Monday, September 5, 2011

‘Changing into a private bank is not a choice, but a compulsion', says Saraswat Co-op Bank chief

The transformation will help the bank overcome the constraints in raising capital under the co-operative framework and brace up for increased competition as the RBI has kick-started the process for issuing licences for new banks.
 Converting into a private sector bank is not a choice but a compulsion for Saraswat Co-operative Bank, India's largest urban co-operative bank, according to its Chairman, Mr Eknath Keshav Thakur.
The transformation into a private sector bank is expected to help Saraswat Bank overcome the constraints in raising capital under the co-operative framework and brace up for increased competition as the RBI has kick-started the process for issuing licences for new banks in the private sector.
Though the bank is aiming to achieve business (deposits plus advances) levels of Rs 50,000 crore by end-March 2016 and Rs 1 lakh crore by end-March 2021 from the current level of around Rs 29,000 crore, future growth will be hamstrung by
limited capital raising avenues.
Unlike commercial banks, which can augment their capital through equity markets, Saraswat Bank's ability to raise capital is restricted to tapping the Members (1,62,560 as on March-end 2011) by selling shares at face value, ploughing back profits, or issuing long-term subordinated deposits.
Currently, the bank has a capital of Rs 1,400 crore and advances of around Rs 12,000 crore.

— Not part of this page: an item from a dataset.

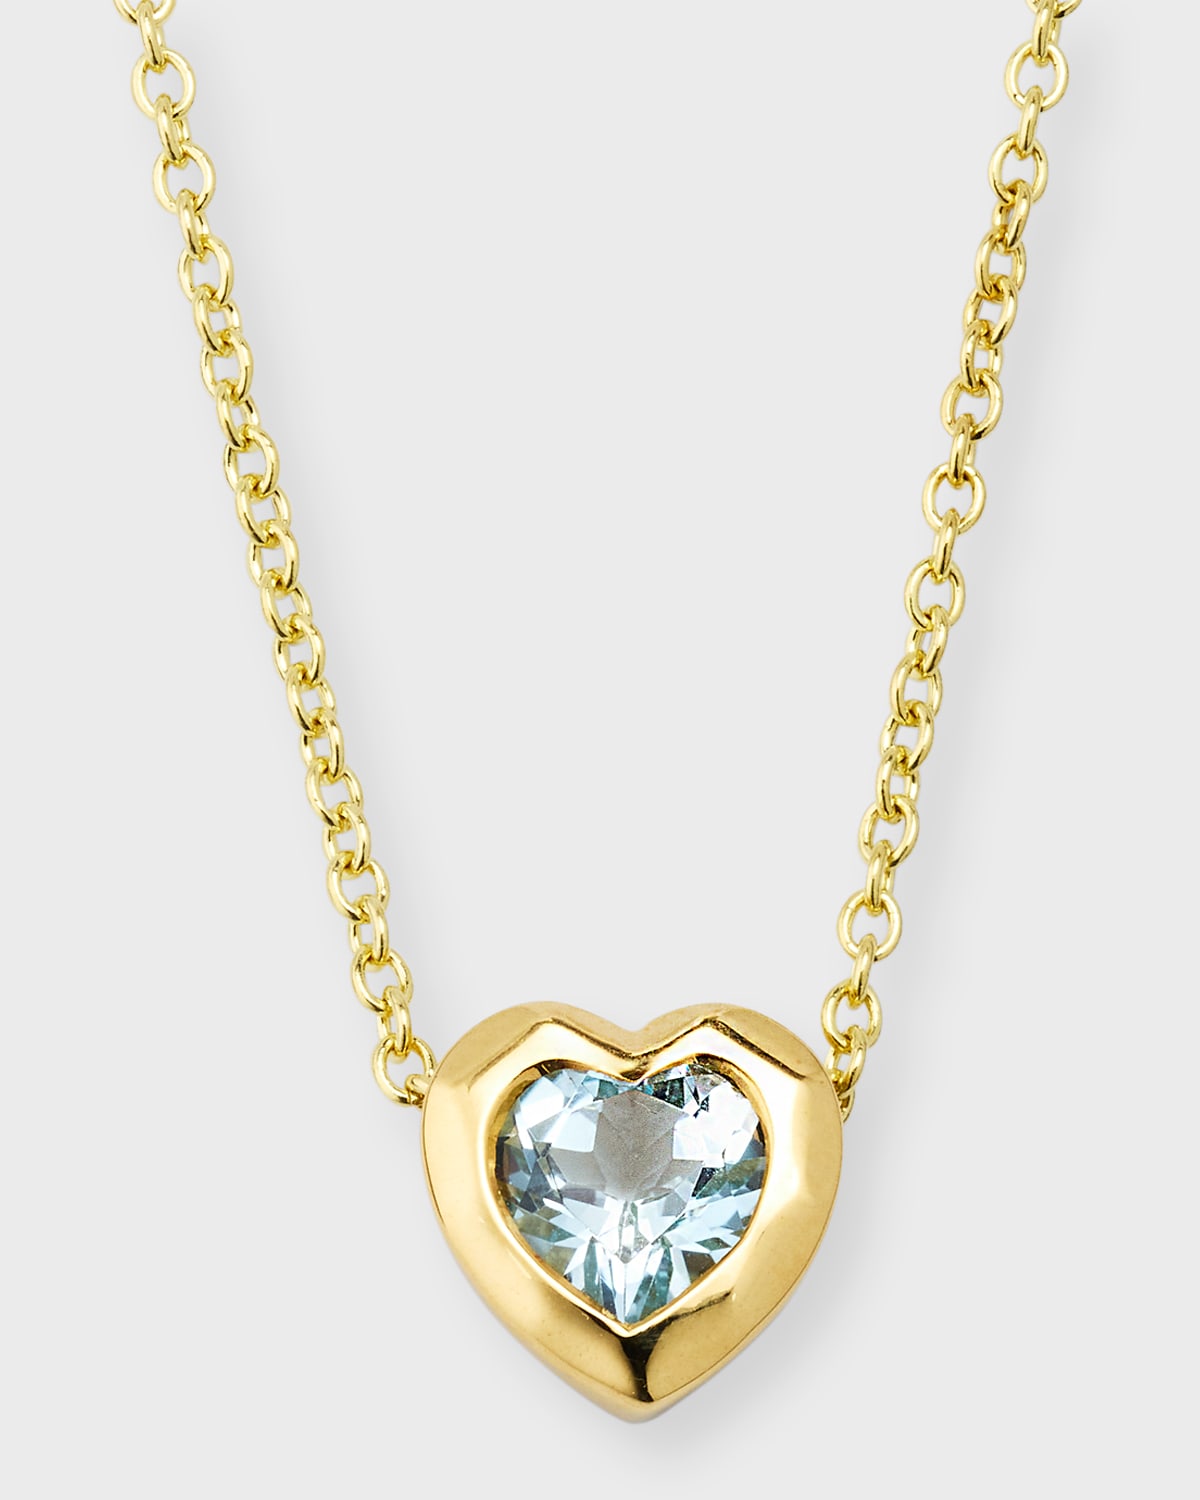 18K Rock Candy Caramella Heart Pendant in Blue Topaz, 16-18"L
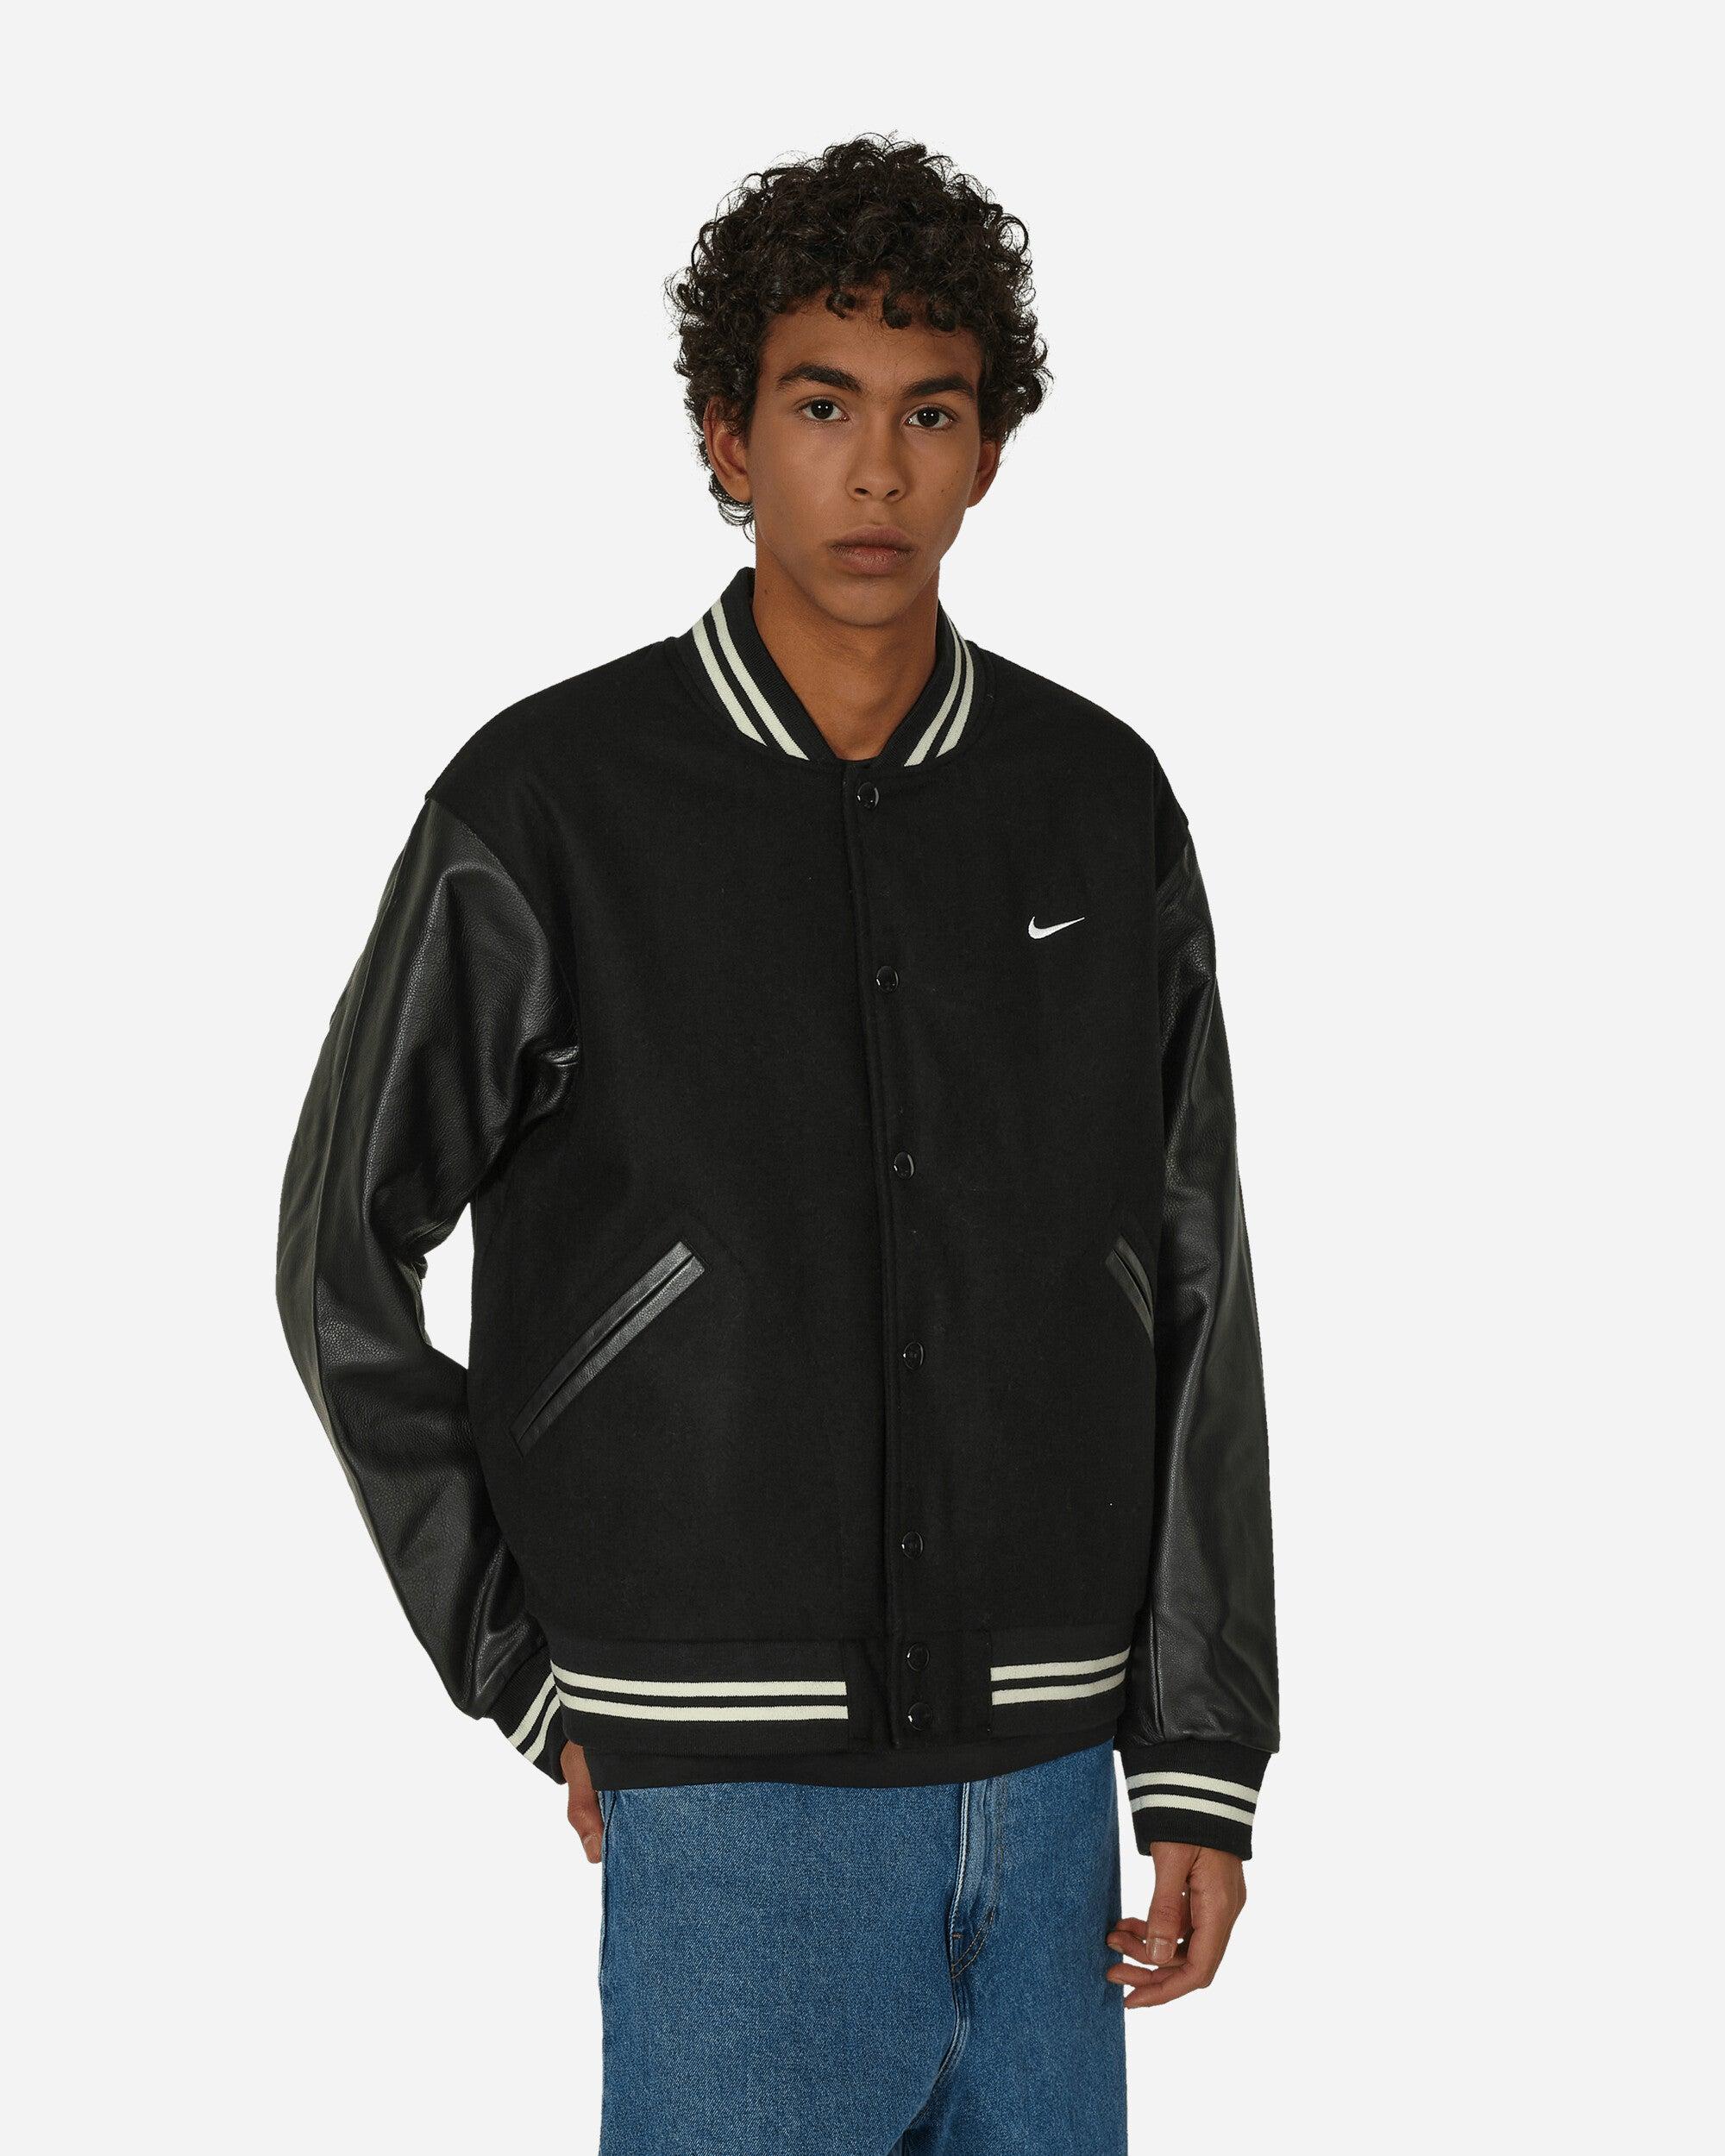 Nike Authentics Varsity Jacket Black / White for Men | Lyst

So, even at a capital-to-risk-weighted-assets ratio of 10 per cent, it has headroom to lend just Rs 2,000 crore more.
“Changing into a private sector bank, therefore, is not a choice but a compulsion because there is no headroom in capital. If our capital adequacy ratio (CAR) goes below 9 or 10 per cent then the RBI will not allow us to do business,” said Mr Thakur in an interview with Business Line.
 Emphasising that garnering deposits is not a problem for the 93-year-old bank, Mr Thakur underscored the dilemma that his bank could face in deploying resources if adequate capital support is not available.
“Our bank has enjoyed customers' trust over the last nine decades. So, garnering deposits is not a problem. But the problem with deposits is that we have to maintain Statutory Liquidity Ratio and Cash Reserve Ratio, pay interest and deploy them immediately. So, there is compulsion to lend. But how can we lend if we don't have headroom in capital?” he said.
Confident of shareholders' support
The bank has already initiated a consensus-building exercise within the organisation for converting into a private sector bank.
“We have already set in motion discussions with employees' union and officers' union. We are also confident of getting shareholders' support (for the conversion into a private sector bank). The only issue is the modus operandi,” said Mr Thakur.

Professional bankers on the board
 Two decades back, the bank had a three-member loans committee which sanctioned loans up to Rs 25 lakh. Today, the ticket size of a single loan, be it to a firm or a company, is Rs 200 crore.
This single company loan limit is expected to go up in another two months to Rs 250 crore. For a group, the loan limit is currently Rs 500 crore.
“So, see the change in the loan ticket size from Rs 25 lakh to Rs 500 crore in 20 years. Our average corporate loan size is about Rs 50 crore. We are part all major lenders' consortium.
“We have been known for conservative banking in earlier times. Naturally, when a large loan proposal comes, it is a shocker for the old guard. They are a bit apprehensive. 
“In a growing bank, risks have to be taken, they have to assessed, they have to be managed, and they have to be mitigated.
“There can't be any banking without risks. It all depends on how we assess the risks, how we decide whether to accept/not to accept the risks, mitigate and manage the risks,” said Mr Thakur.
 To guide the bank in dealing with large corporate loan proposals, the bank has inducted three top retired bankers — Mr A. G. Joshi, former Chairman and Managing Director of Dena Bank, Mr P. N. Joshi, former Chairman and CEO, erstwhile United Western Bank and Mr K. L. Jagdish Pai, former Executive Director, Canara Bank.